The regulation goes much further than that, however.  In the preamble, HHS clarifies that it is merely applying to the rate review provisions of the ACA the rule that otherwise applied under the Public Health Services Act and that will apply to the application of other ACA provisions.  The AHP loophole is closed.  AHPs will continue to exist; indeed they will thrive if they can actually offer their members operating efficiencies and lower premiums or better coverage than the market otherwise offers.  But they will have to comply with ACA consumer protections and will not be able to cherry pick, which would undermine the exchanges and the stability of the market generally. The fact that three of the seven associations that commented on the proposal reportedly supported the rule indicates that it will be quite possible for associations to comply with it.

The preamble to the regulation also clarifies several other issues.  First, the preamble clarifies that the rule applies whether or not an AHP could be classified as “bona fide” under HIPAA.  “Bona fide” association plans were free under HIPAA from certain requirements, but the ACA applies to AHPs regardless.  Second, the rule clarifies that in states where state law does not authorize review of the rates of insurance sold in the state by out-of-state associations, HHS will itself review the rates.  This seems to be the case in about half of the states.  Finally, the preamble clarifies that states that lack the authority to review out-of-state association rates will not otherwise be considered to lack an effective rate review program or automatically be ineligible for rate review program grants.

Areas Of Potential Concern

One aspect of the rule is somewhat troubling. The preamble notes that under some circumstances, plans sponsored by an association of employers can be recognized as a single ERISA plan.  This is because the definition of “employer” under ERISA (which is incorporated into the ACA through the Public Health Services Act), includes an association of employers that meet certain requirements.  If the plan covers employers with more than 100 employees it could be considered a large group plan, free from rate review.

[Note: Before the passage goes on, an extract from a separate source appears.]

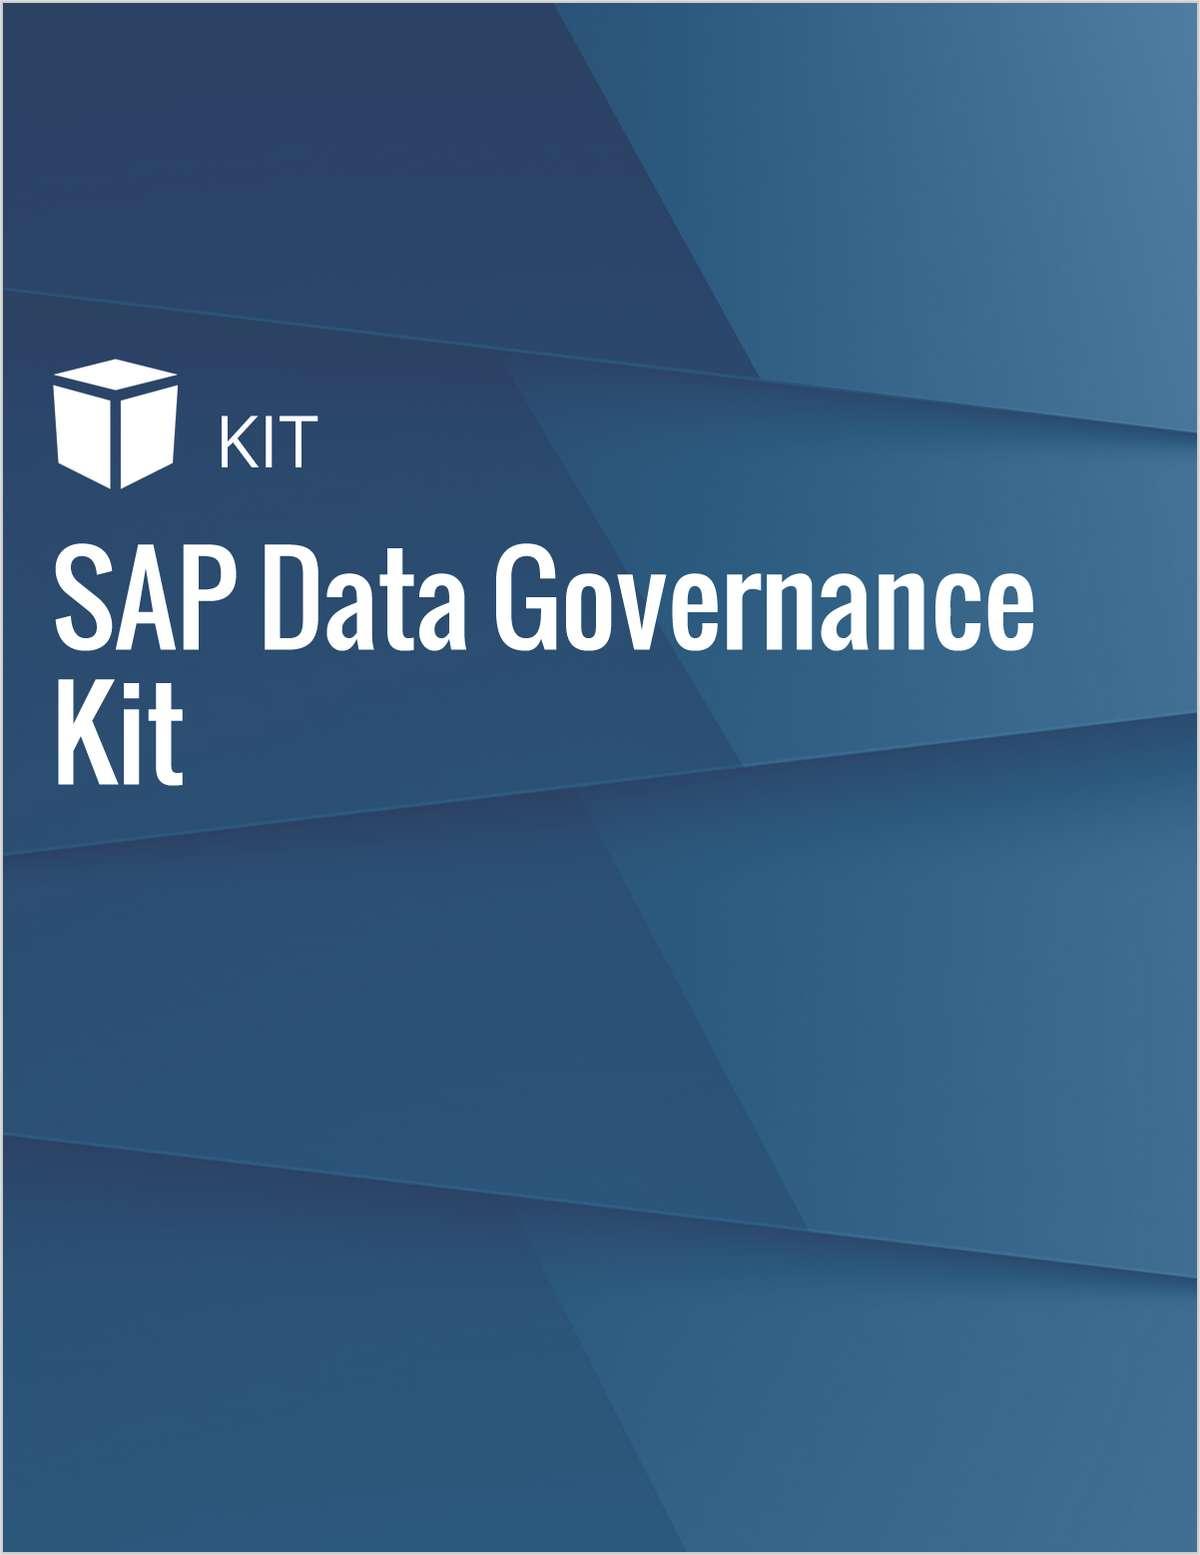 SAP Data Governance Kit

Not just any association can meet this requirement, however.  The Department of Labor has laid down a strict fact and circumstances test that ultimately considers whether “the person or group that maintains the plan is tied to the employers and employees that participate in the plan by some common economic or representation interest or genuine organizational relationship unrelated to the provision of benefits.”  Under this test, DOL advisory opinions cited in the rule preamble have concluded that a chamber of commerce association plan that covered a number of groups was not a single ERISA plan, but that association plans controlled by employers in a single industry that had a preexisting relationship might be.  Of course, the association would be regarded as a single ERISA plan, and would have to comply with ERISA requirements that apply to plans.  But this exception may cover a number of associations and will need to be carefully monitored to avoid evasion of the rule.

One other major loophole in the ACA may be more difficult to close.  A number of ACA requirements that apply to the individual and small group market (including again, for example, the essential benefits package and risk adjustment) do not apply to self-insured plans. There is some evidence that insurers are marketing stop-loss coverage to small employers that allow small employers to “self-insure” with virtually no risk.  This could allow small employers to opt out of the consumer and market protections of the ACA as long as their employees remain healthy, but opt back in when their stop-loss coverage rates go up.

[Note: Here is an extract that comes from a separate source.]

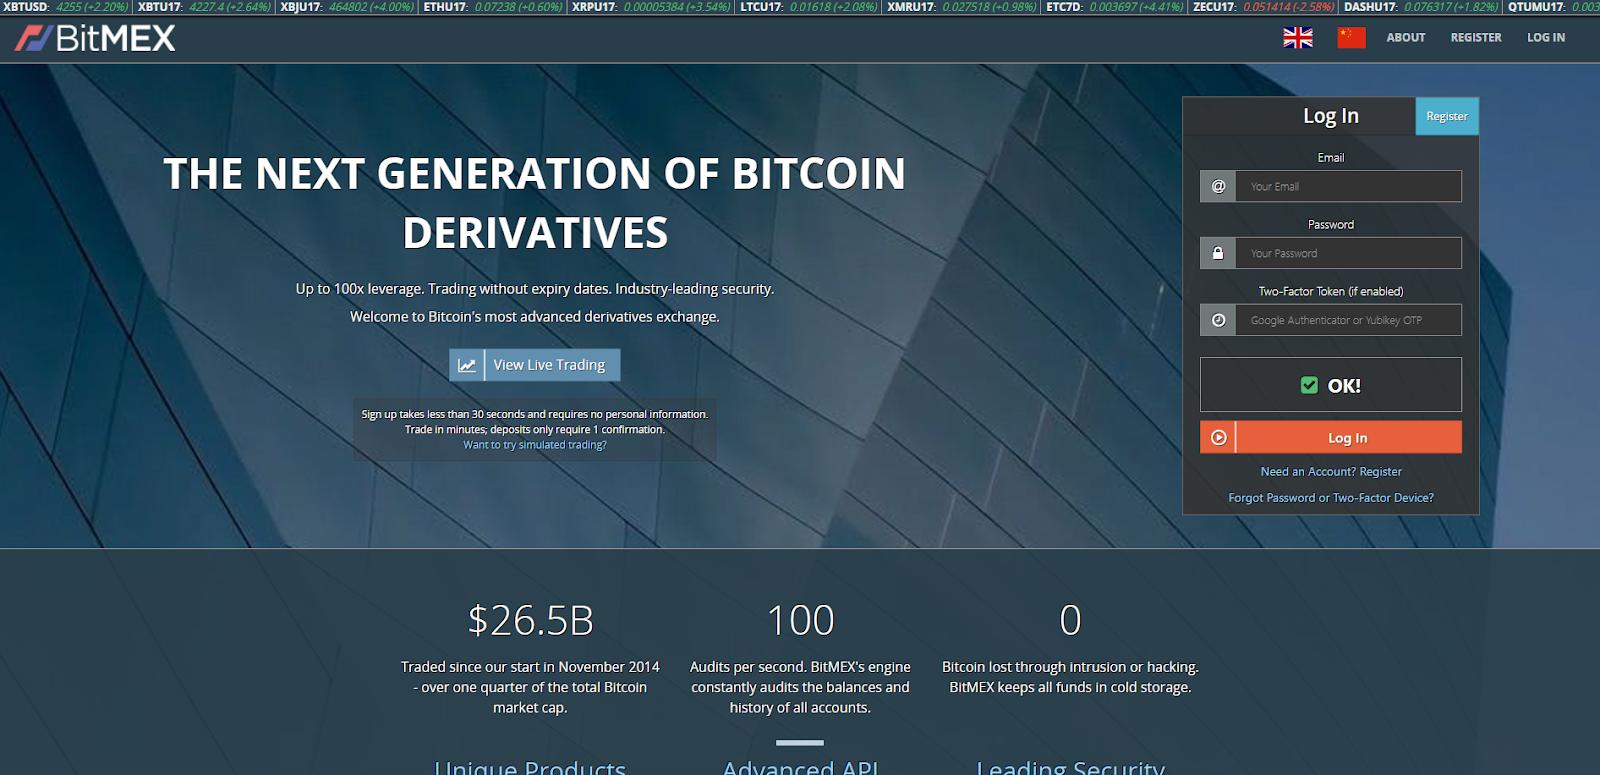 Bitmex Review | How Does Bitmex Work - Comprehensive Tutorial

DOL and Treasury should consider defining “self-insured,” a term that is used in the ACA but never defined, to ensure that employers that self-insure actually bear significant risk and avoid sham self-insurance.  Alternatively, the states should regulate stop-loss coverage more closely to ensure that insurers are actually offering stop-loss coverage and not unregulated high-deductible comprehensive insurance.

There are still loopholes to close, but today was a victory for American health care consumers and for the Affordable Care Act.